DATA>
+ + + +

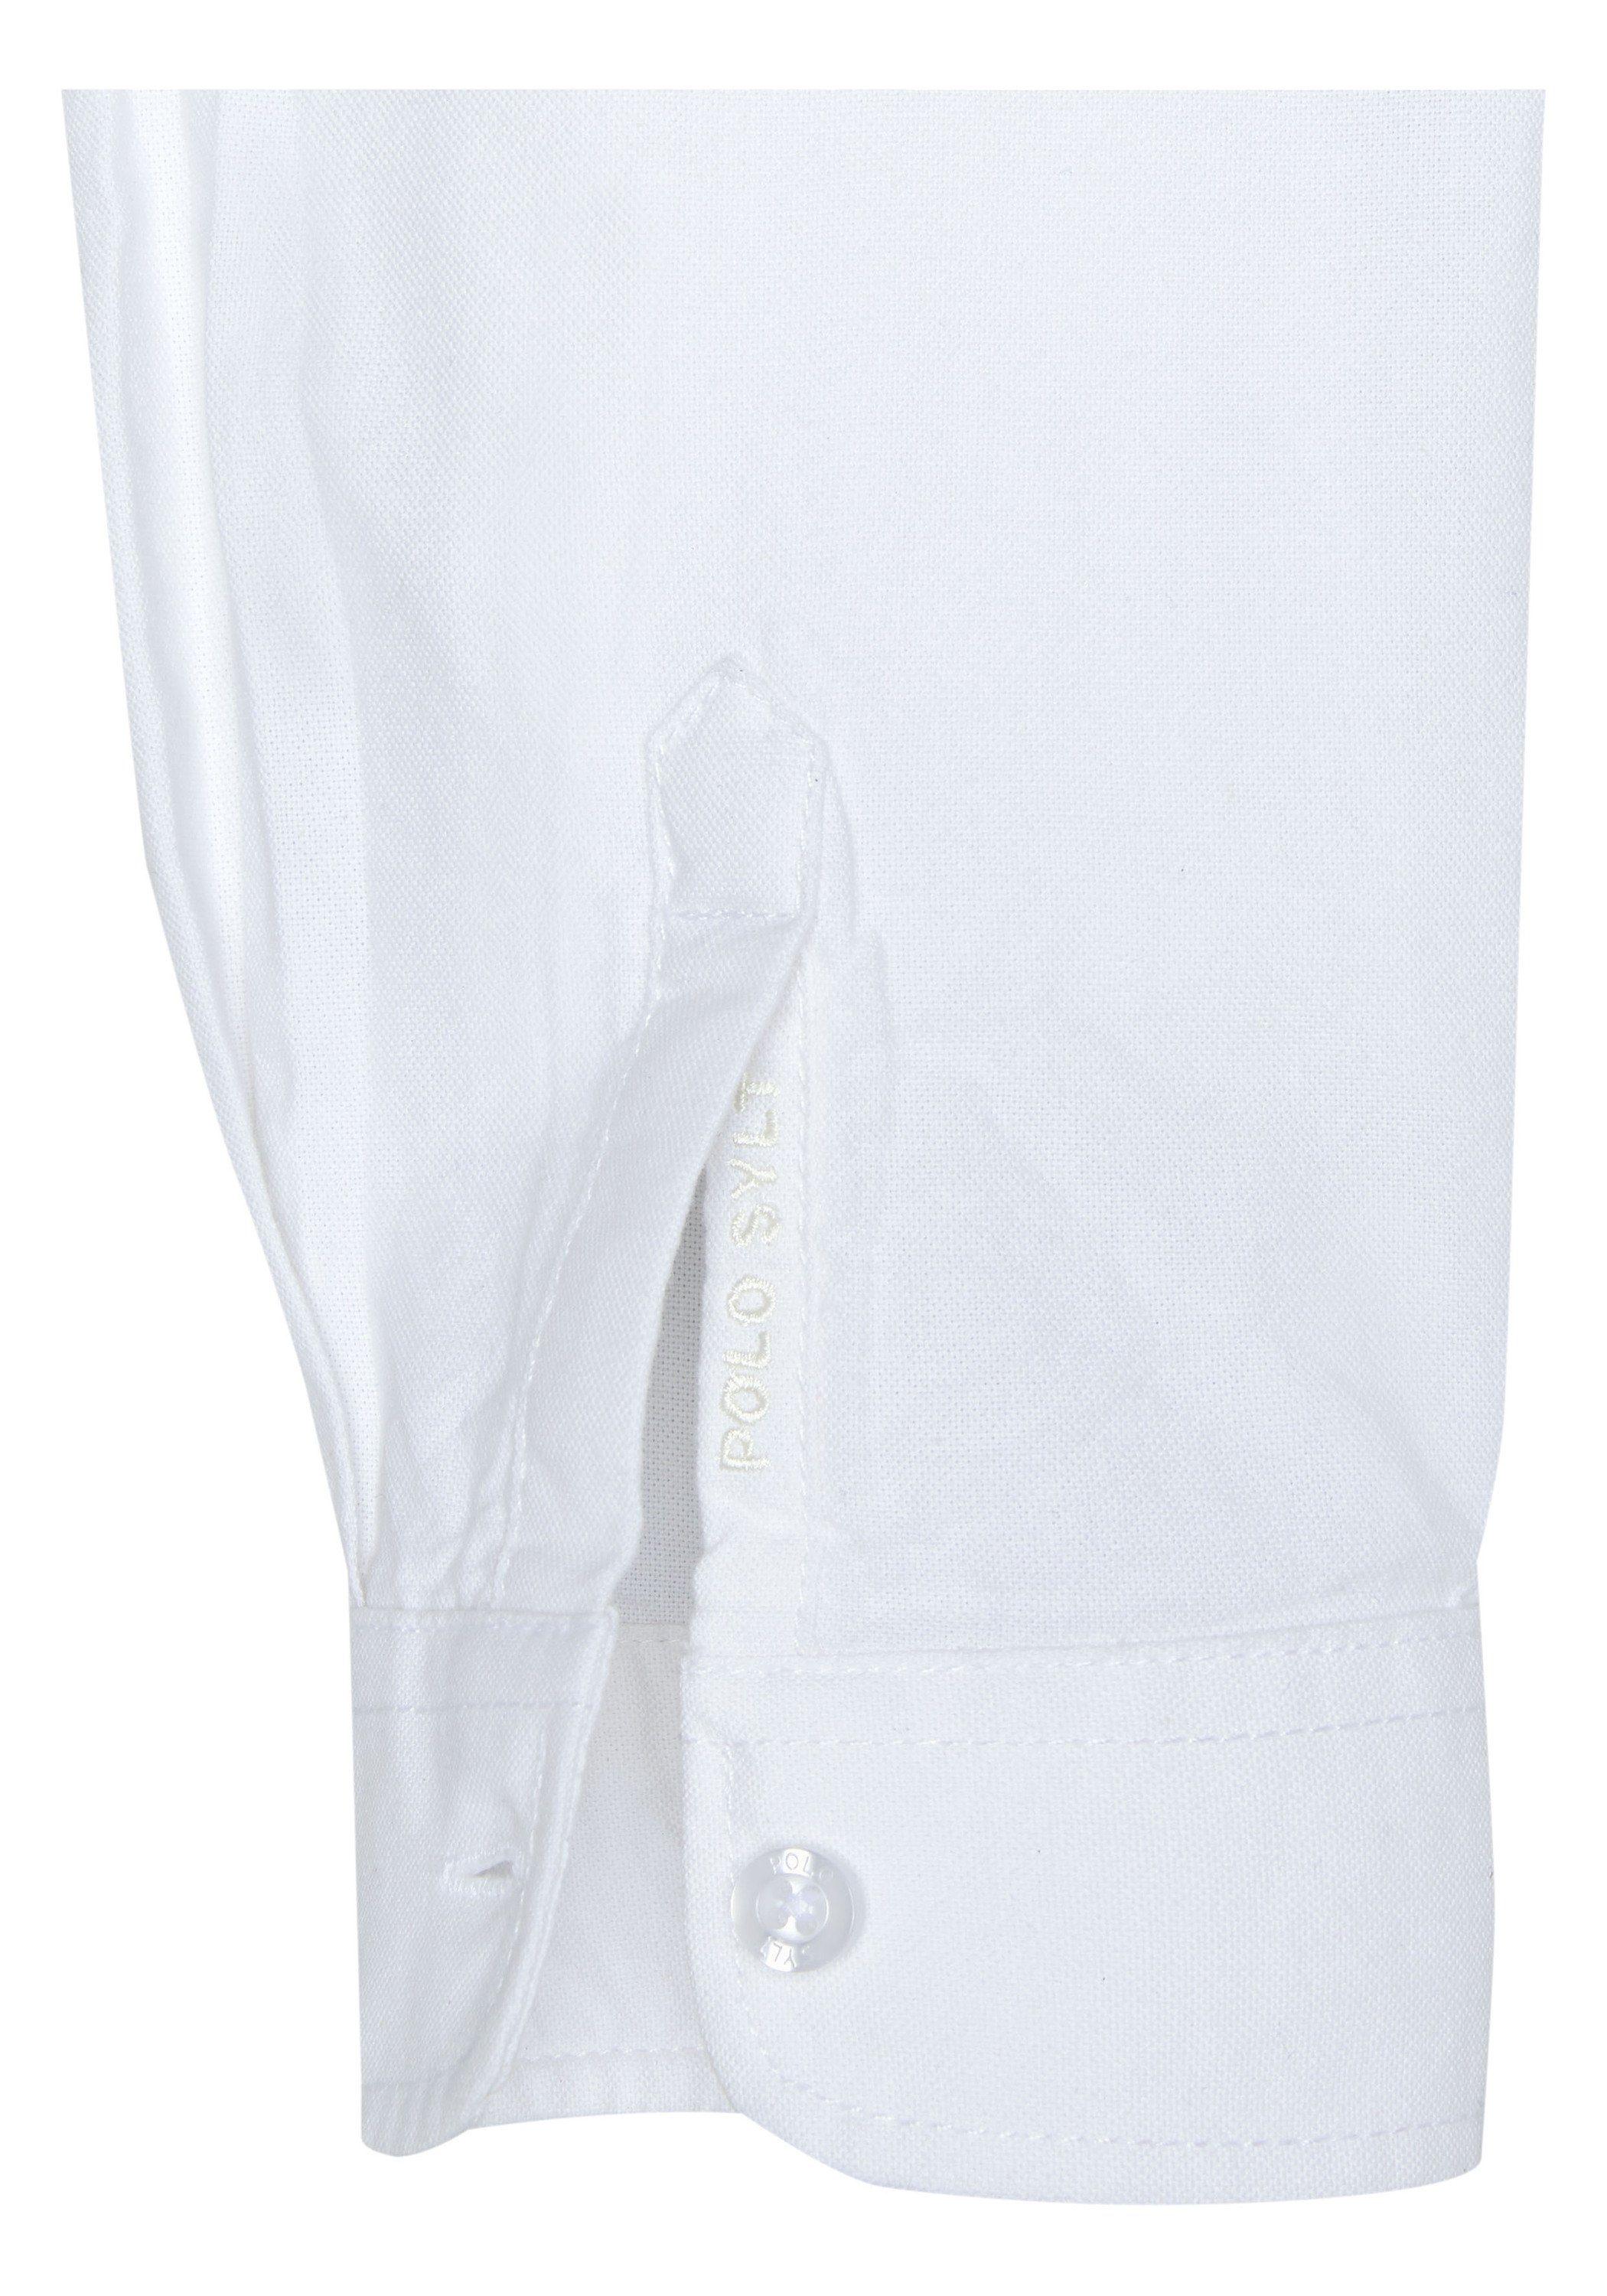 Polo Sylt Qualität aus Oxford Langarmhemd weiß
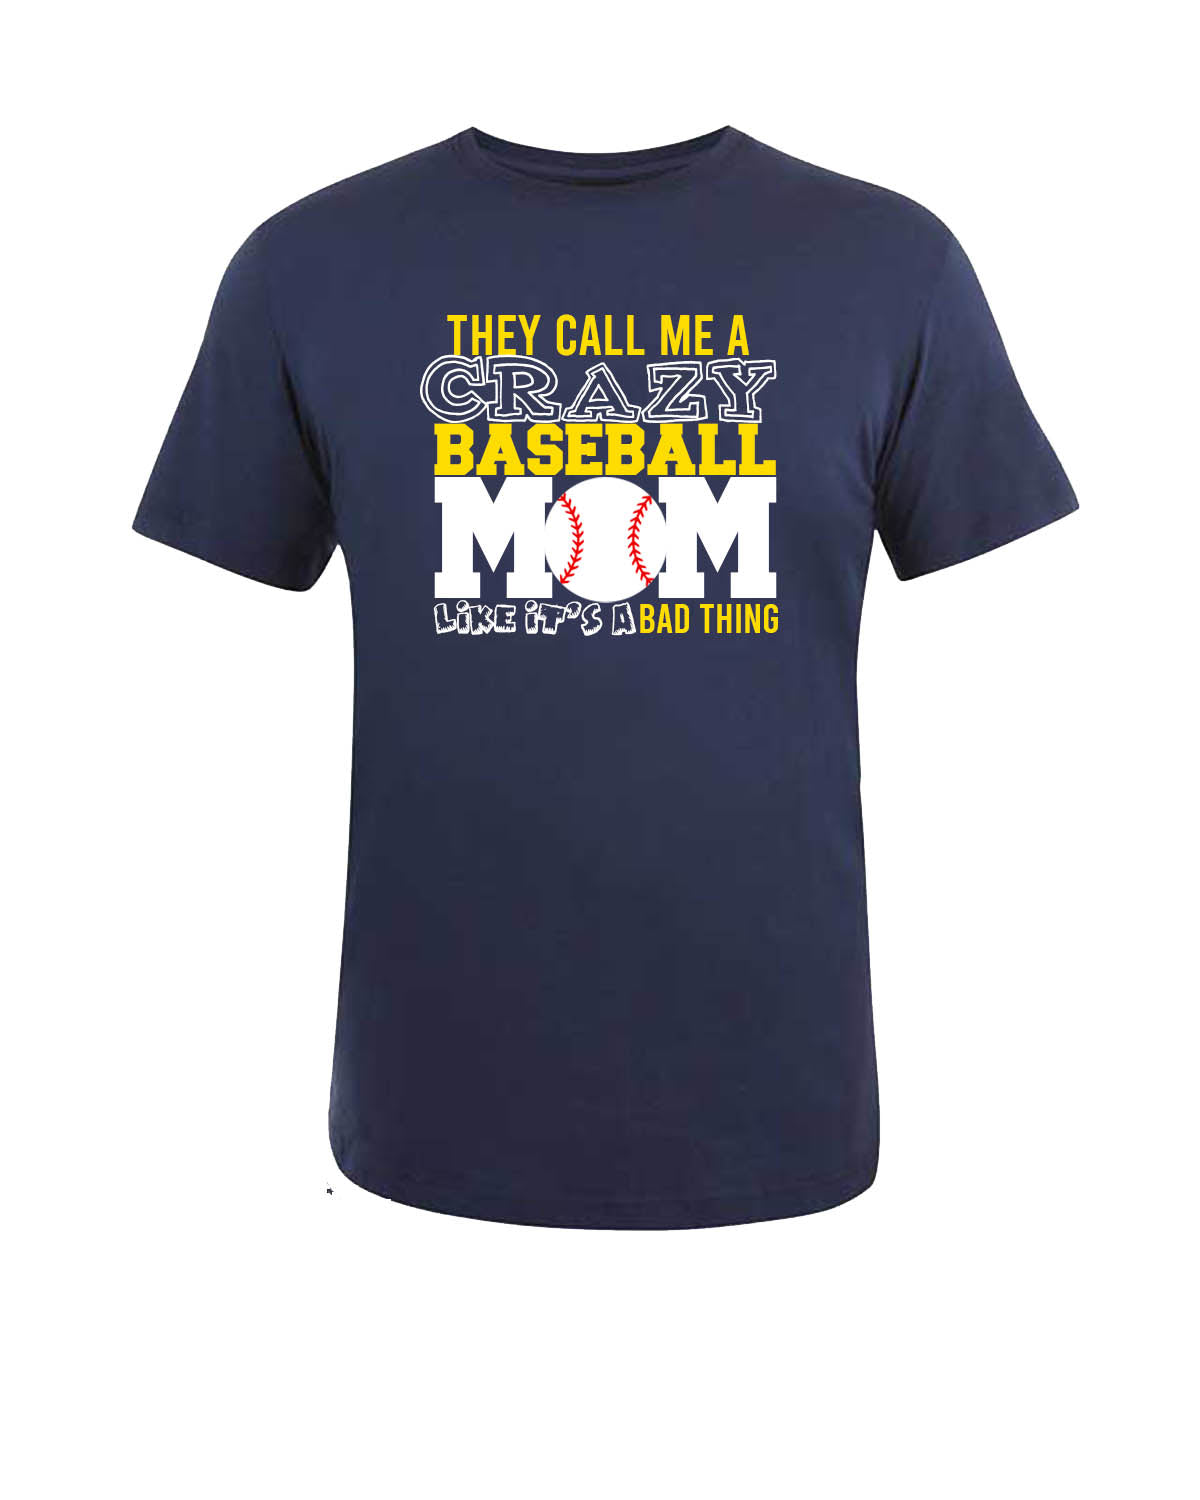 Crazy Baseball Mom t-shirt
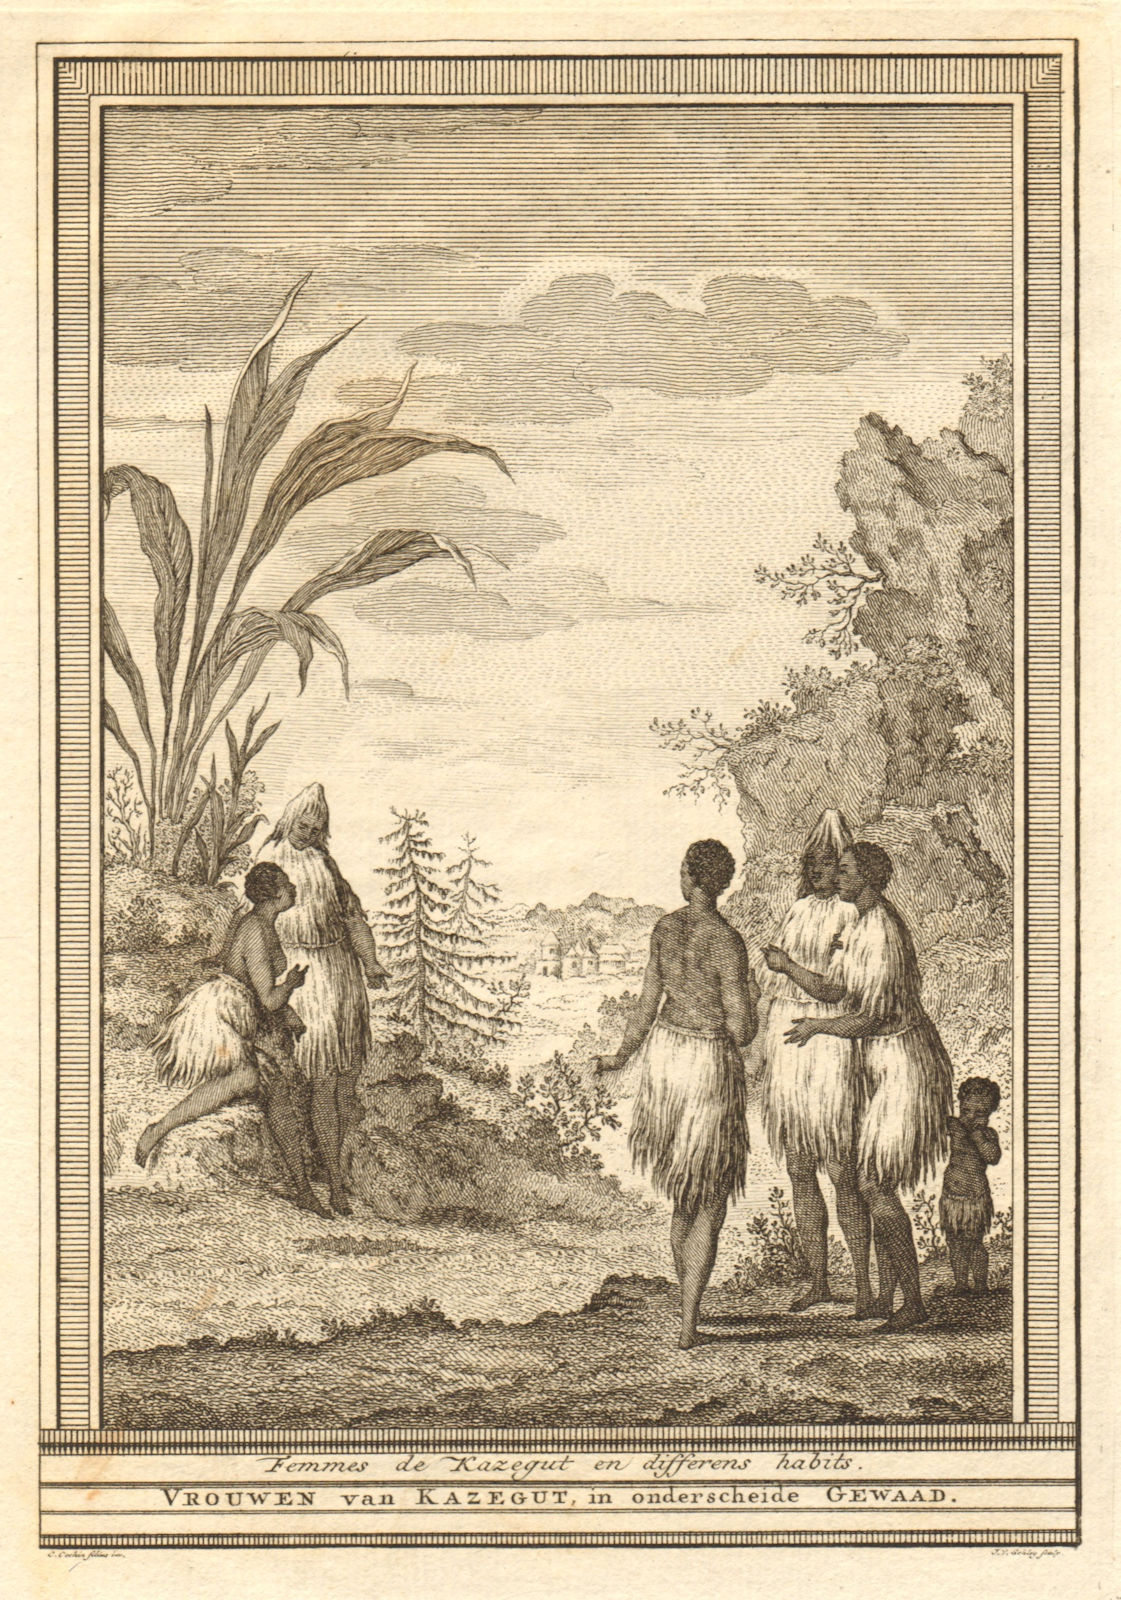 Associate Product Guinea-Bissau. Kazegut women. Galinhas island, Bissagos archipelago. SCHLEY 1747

+ + + +

Every line above should be transcribed word for word; leave the pictures out.

OUTPUT FOR THIS EXERCISE>
 Polo Sylt Qualität aus Oxford Langarmhemd weiß
 Crazy Baseball Mom t-shirt
 Associate Product Guinea-Bissau. Kazegut women. Galinhas island, Bissagos archipelago. SCHLEY 1747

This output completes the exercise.